Tryo reprend du service. Nous sommes à quelques jours de la sortie officielle de Ce que l'on sème, premier album studio depuis Grain de sable, lancé en 2003. Voilà une autre création éminemment citoyenne du quartette hexagonal, album aux préoccupations planétaires, moins franco-françaises, plus tendres de surcroît. Ce que l'on s'aime aussi !

«Voilà, on ne voulait pas trop de décalage entre la sortie de l'album en France et la sortie au Québec. Et comme il est prévu que l'on y joue en mars, on voulait vraiment que l'album sorte avant.»

 

Christophe Mali au téléphone. Peu probable qu'on s'ennuie au cours des prochaines minutes! On connaît l'animal, dont la dégaine extatique rappelle Jacques Higelin ou même Charles Trenet. On le lance d'abord sur l'élargissement de la palette musicale, tangible sur Ce que l'on sème.

«Depuis les débuts de Tryo, fait observer Mali, les influences sont diverses. Or, pendant cette pause qu'on a faite avec le groupe, il y a eu pas mal de voyages et de rencontres - je suis personnellement allé en Inde, Guizmo est allé au nord du Niger, etc. Les nouvelles influences musicales de Ce que l'on sème reflètent ces itinéraires.»

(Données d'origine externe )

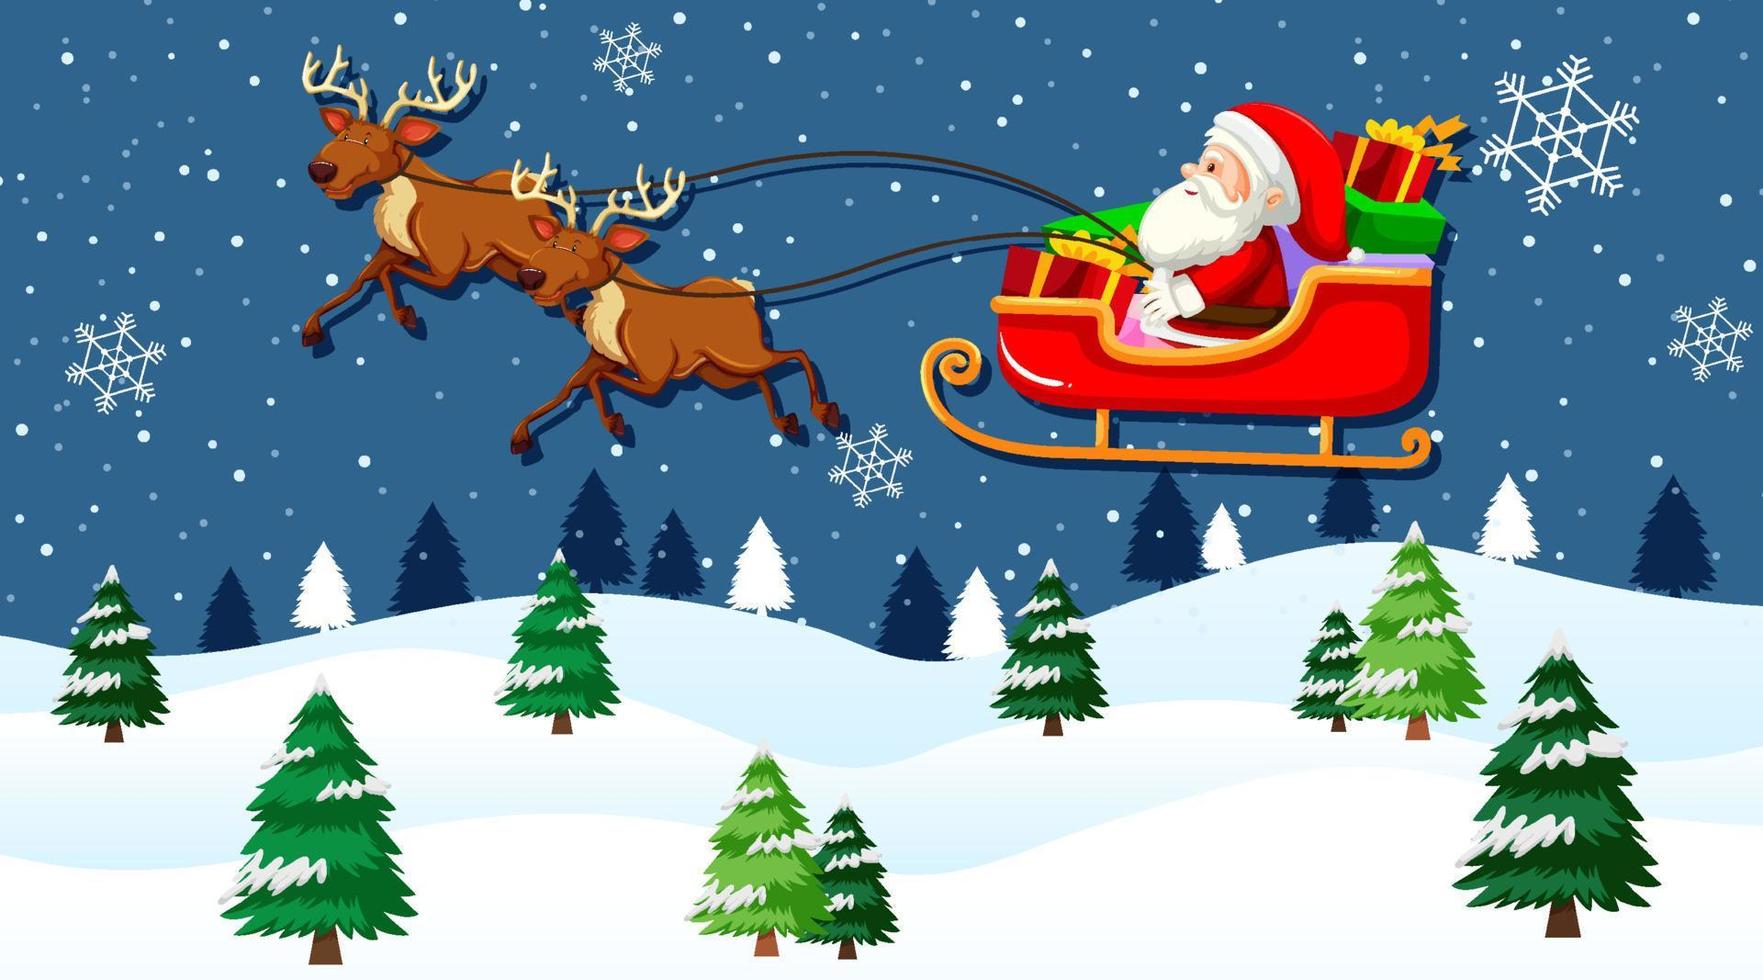 Santa Claus on sleigh with reindeer flying in the sky at night vector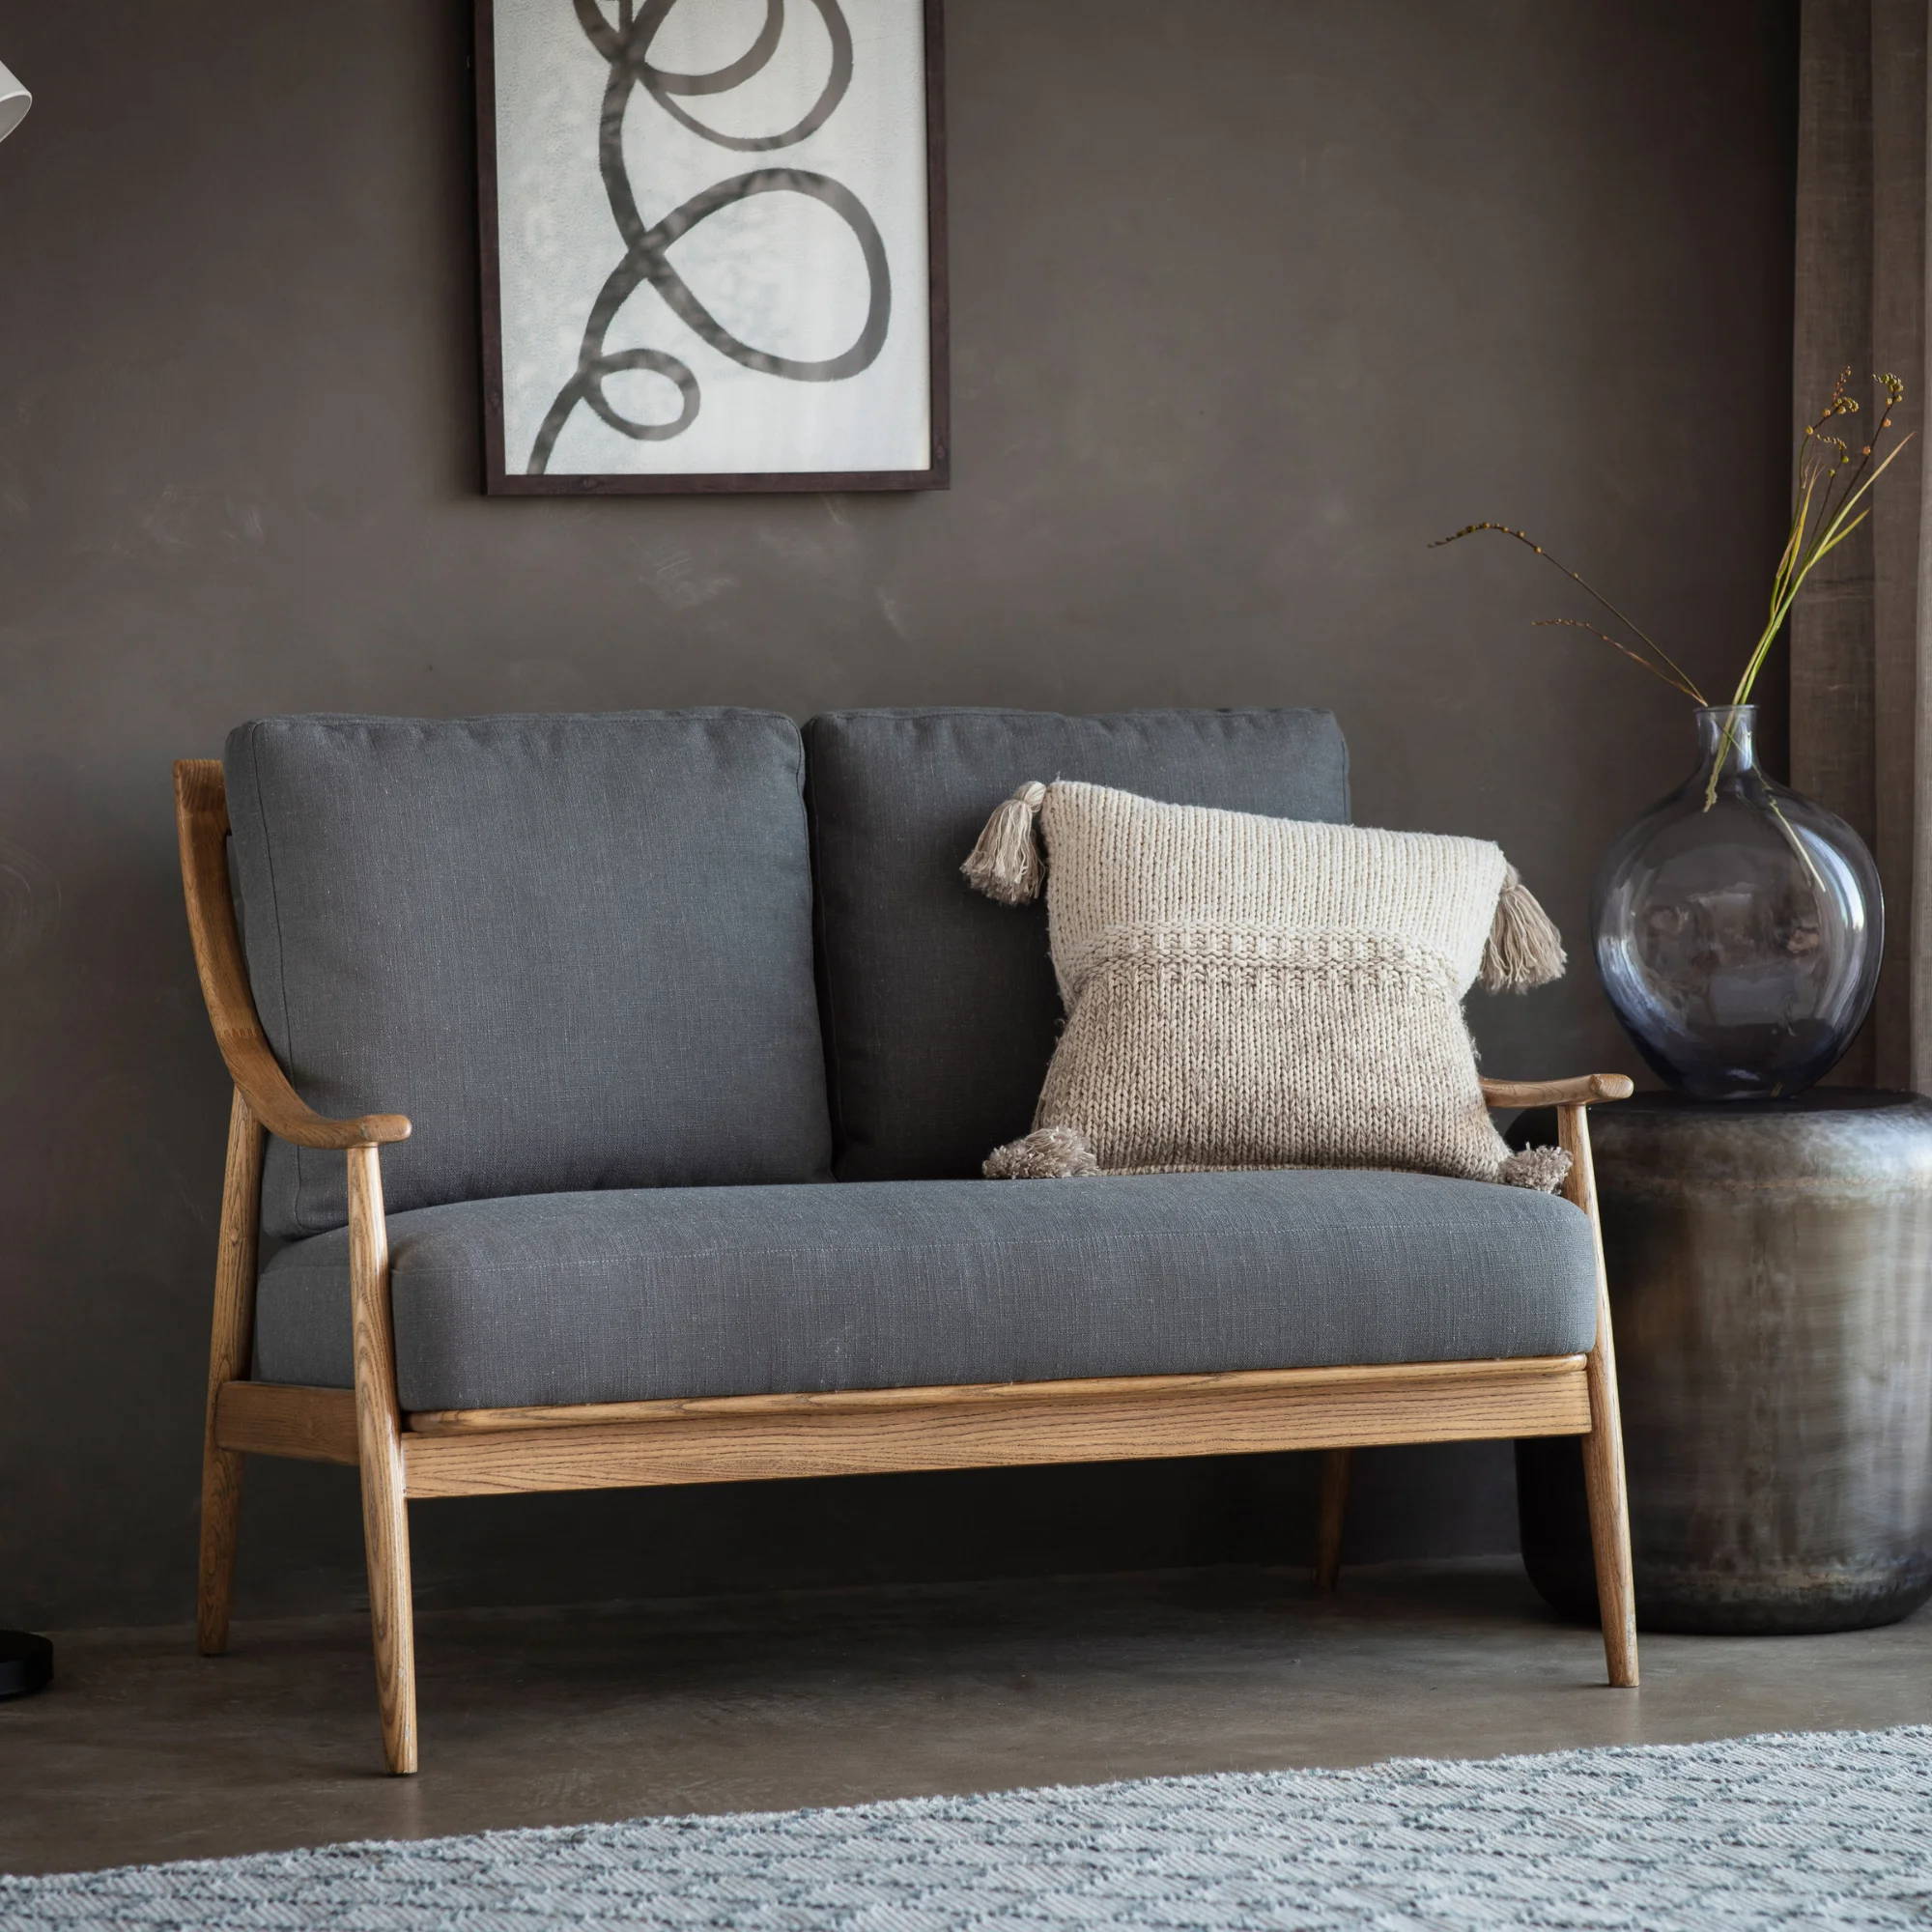 BROCK 2 seat mid century sofa with solid wood frame and grey linen upholstery | MalletandPlane.com

Mali fait observer que les ingrédients de la pâte à Tryo n'ont pas été négligés pour autant. «Il y a quand même du reggae, du folk, des guitares, des voix. Cela ne nous a pas empêchés de repousser nos limites. Les textes nous ont menés là, en fait. Par exemple, Tombé mal parle de déforestation, ce qui nous a conduits à inviter Sally Nyolo, une chanteuse camerounaise qui a fait partie de Zap Mama. Ainsi, nous nous sommes permis d'aller vers l'Afrique (Abdallâh), mais aussi vers l'Inde (Mrs Roy). L'influence de l'Amérique latine, de Cuba et du Brésil, a aussi énormément joué sur cet album - L'air du plastique, Quand les hommes s'ennuient, etc.»

Proche de son public, Tryo a tout mis en oeuvre pour que sa pâte lève de nouveau. «Avant de mixer Ce que l'on sème, on a fait un tour de France pour le faire écouter à notre public, indique Mali. Avec l'album, nous avons aussi fourni un carnet de chant assorti des tablatures pour la guitare, car nous entendons régulièrement jouer nos chansons sur les plages, dans les festivals, dans les soirées. On est ravis des premières réactions, on est partis pour un cycle de deux ans.»

La tournée débutera au milieu de l'hiver prochain, les dates sont déjà bloquées jusqu'à décembre 2009, les escales québécoises sont prévues en mars ainsi que durant la période des festivals.

Engagés et festifs

Tryo existe depuis 13 ans. D'entrée de jeu, la formation française a su incarner cette vague progressiste à la fin des années 90, nouvelle gauche altermondialiste dont les revendications ont été semées à tous vents... avant que ce vent de droite ne souffle un peu partout en Occident. Où en êtes-vous, nobles battants de Tryo?

«C'est vrai qu'il y a quelque chose de majeur avec la droite, mais je crois aussi qu'au sein de la jeunesse, des voies à gauche ne cessent d'émerger, entre autres chez les artistes. Je crois que l'alternative est toujours là et que les médias faussent peut-être la donne... surtout lorsqu'ils appartiennent à des intérêts de droite! En tout cas, je ne crois pas évoluer dans une bulle.»

À ce titre, Tryo voit les choses bien au-delà de la francophonie.

«En tant qu'artistes engagés, nous sommes moins dans des préoccupations franco-françaises, comme c'était le cas dans nos premiers disques. Bien sûr, il y a encore des chansons comme Marcher droit ou Travailler plus, qui portent un regard sur la société française et notre «chère» présidence. Mais les questions qu'on se pose dépassent ce simple rapport à notre pays. Il y a notamment ce thème central qui est celui de l'écologie - d'où notre allégeance à Greenpeace.»

Le pamphlet ne l'emporte pas sur l'art pour autant, assure Mali. «Nous restons dans la création malgré nos préoccupations. Nous abordons des thèmes graves tout en conservant un côté festif et divertissant. Avant tout, nous sommes sur scène pour faire rêver les gens. Nous nous réclamons de personnages comme Pierre Desproges et Coluche, qui ont su lier l'engagement à l'humour. Ou Ferré, qui a intégré son engagement à la poésie. Maintenant, d'ailleurs, notre rapport à l'amour est beaucoup plus clairement évoqué. Ce que l'on sème et... ce que l'on s'aime.»